La formation : un besoin, une nécessité
La formation des huissiers de justice et de leurs collaborateurs est depuis longtemps au cœur des préoccupations de l'UIHJ. La mondialisation des échanges économiques et du droit - et par voie de conséquence des procédures civiles et d'exécution - ont fait prendre conscience aux professionnels de l'exécution que sont les huissiers de justice que les règles qui s'appliquent ont de plus en plus un caractère supranational. Il est également apparu que ces professionnels appréhendaient avec difficulté ces normes de droit transfrontalières. En particulier ils se trouvent confrontés à des situations pratiques qu'ils ont du mal à résoudre, notamment pour ce qui concerne les instruments européens tels que :
- les règlements 1348/2000 et 1393/2007 en matière de signification et de notification des actes,
- le règlement 44/2001 sur la compétence, la reconnaissance et l'exequatur allégé (Bruxelles I),
- le règlement 805/2004 instituant un titre exécutoire européen
- le règlement 1896/2006 instituant une procédure européenne d'injonction de payer.

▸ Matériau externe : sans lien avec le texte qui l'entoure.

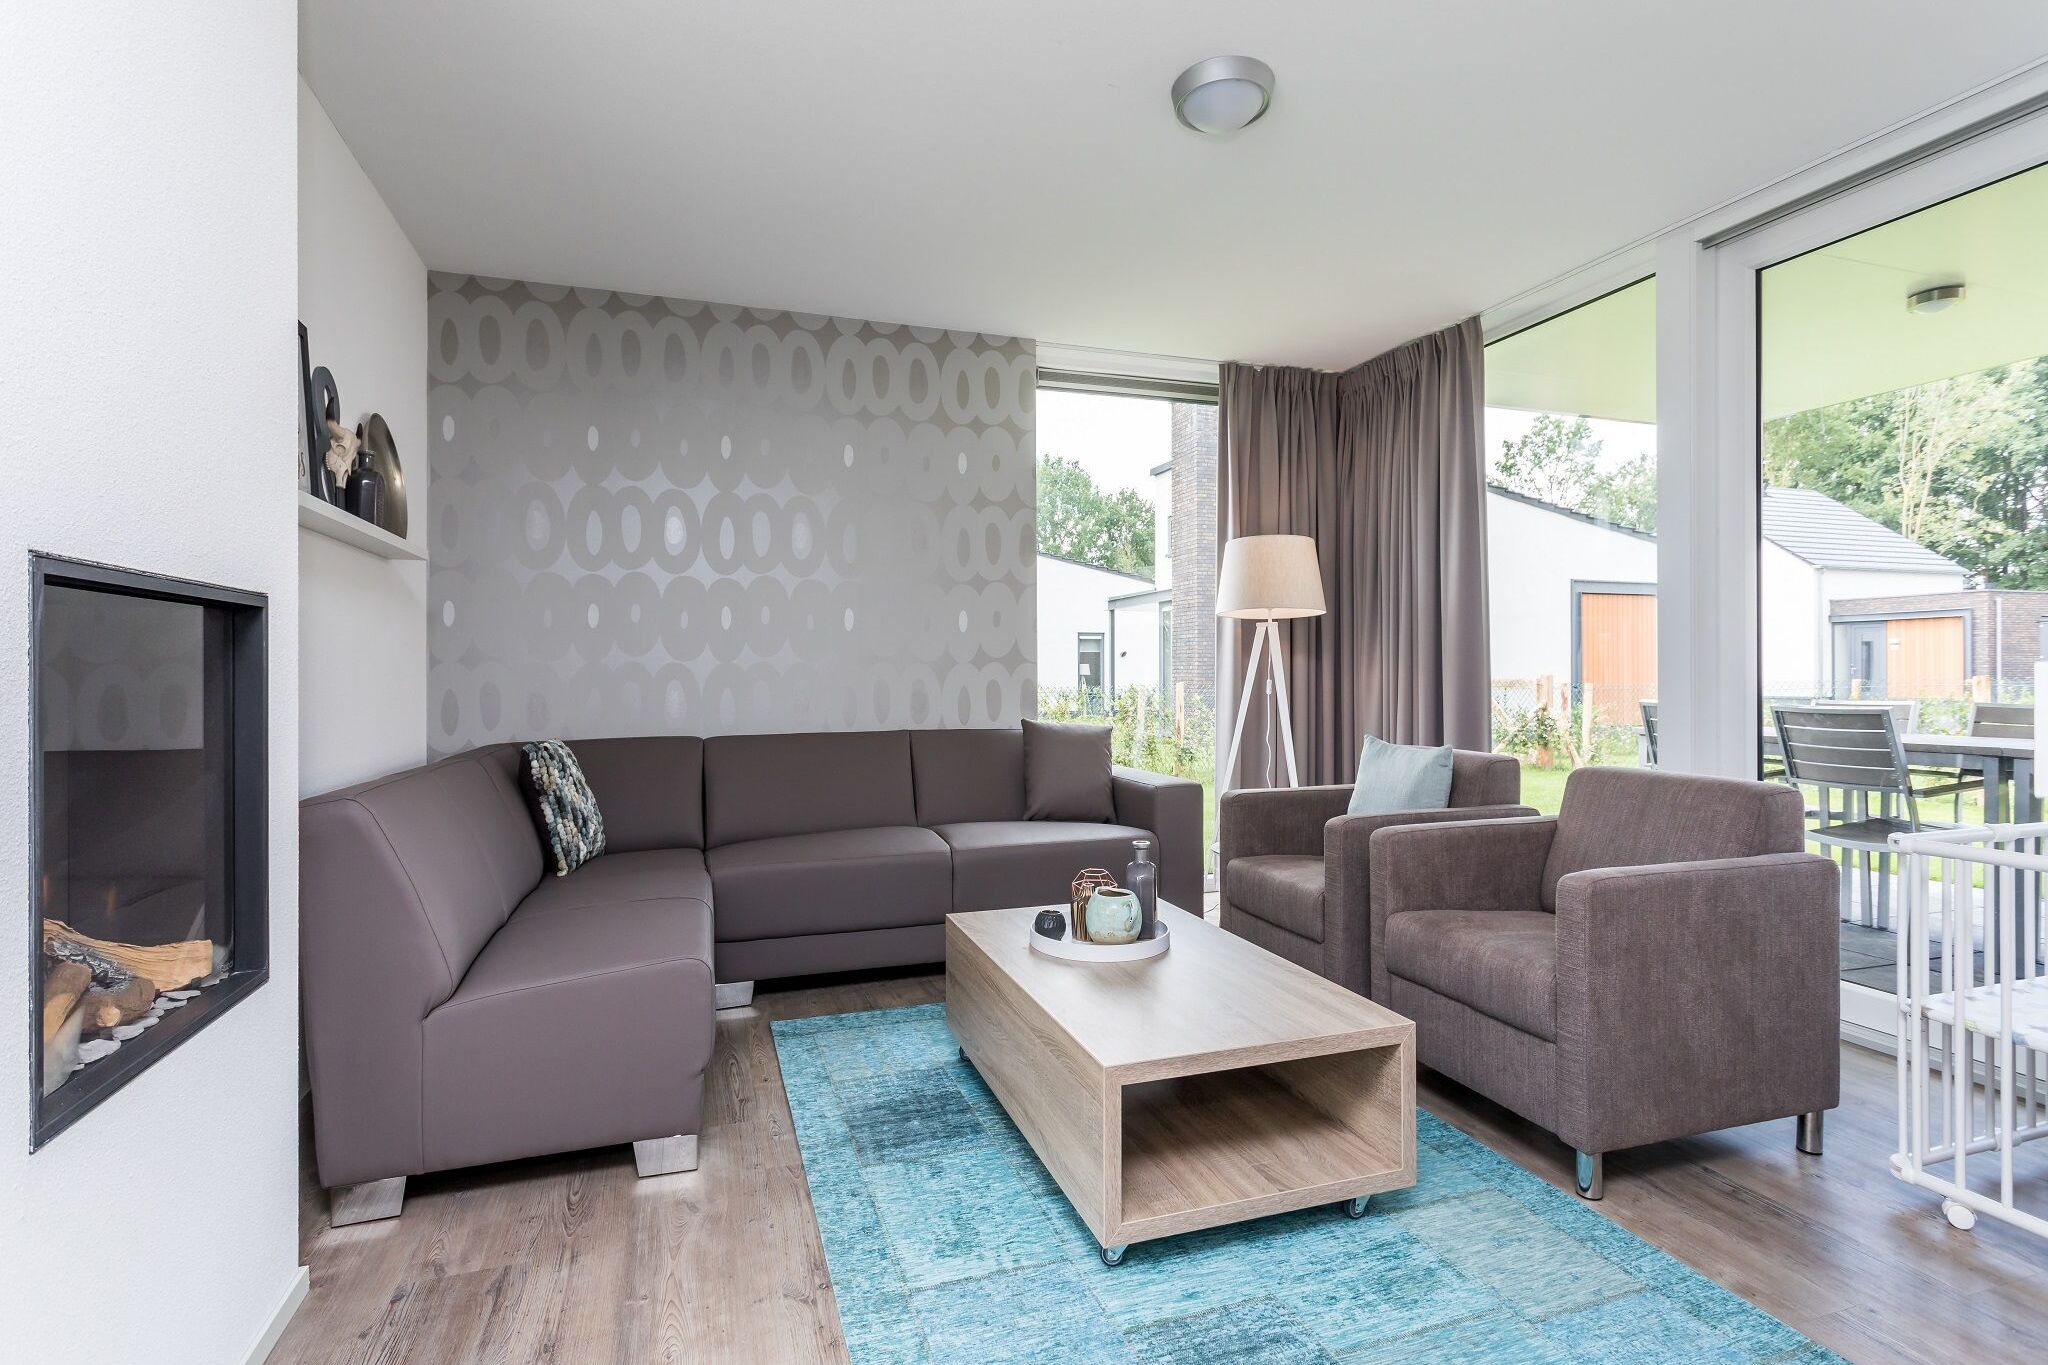 Moderne en kindvriendelijke villa in Limburg

Il faut ajouter à ces textes ceux du Conseil de l'Europe et de la Commission européenne pour l'efficacité de la justice (CEPEJ), de la Conférence de La Haye de droit international privé, de l'Organisation pour l'harmonisation en Afrique du droit des affaires (Ohada), sans oublier la jurisprudence de la Cour européenne des droits de l'homme, de la Cour de justice des Communautés européennes ou de la Cour commune d'arbitrage. C'est pour répondre à l'ensemble de ces besoins que l'UIHJ a créé l'Institut de droit international judiciaire privé et de droit de l'exécution (IDJPEX), avec la coopération de l'Ecole nationale de procédure de Paris (ENP).
Pour sa première séance de formation, l'IDJPEX a choisi pour thèmes trois instruments européens et un instruments international : les deux règlements européens et la convention de La Haye du 15 novembre 1965 sur la signification, le titre exécutoire européen et l'injonction de payer européenne. Trois ateliers ont été constitués autour de professeurs d'université et d'huissiers de justice experts dans le domaine de la formation.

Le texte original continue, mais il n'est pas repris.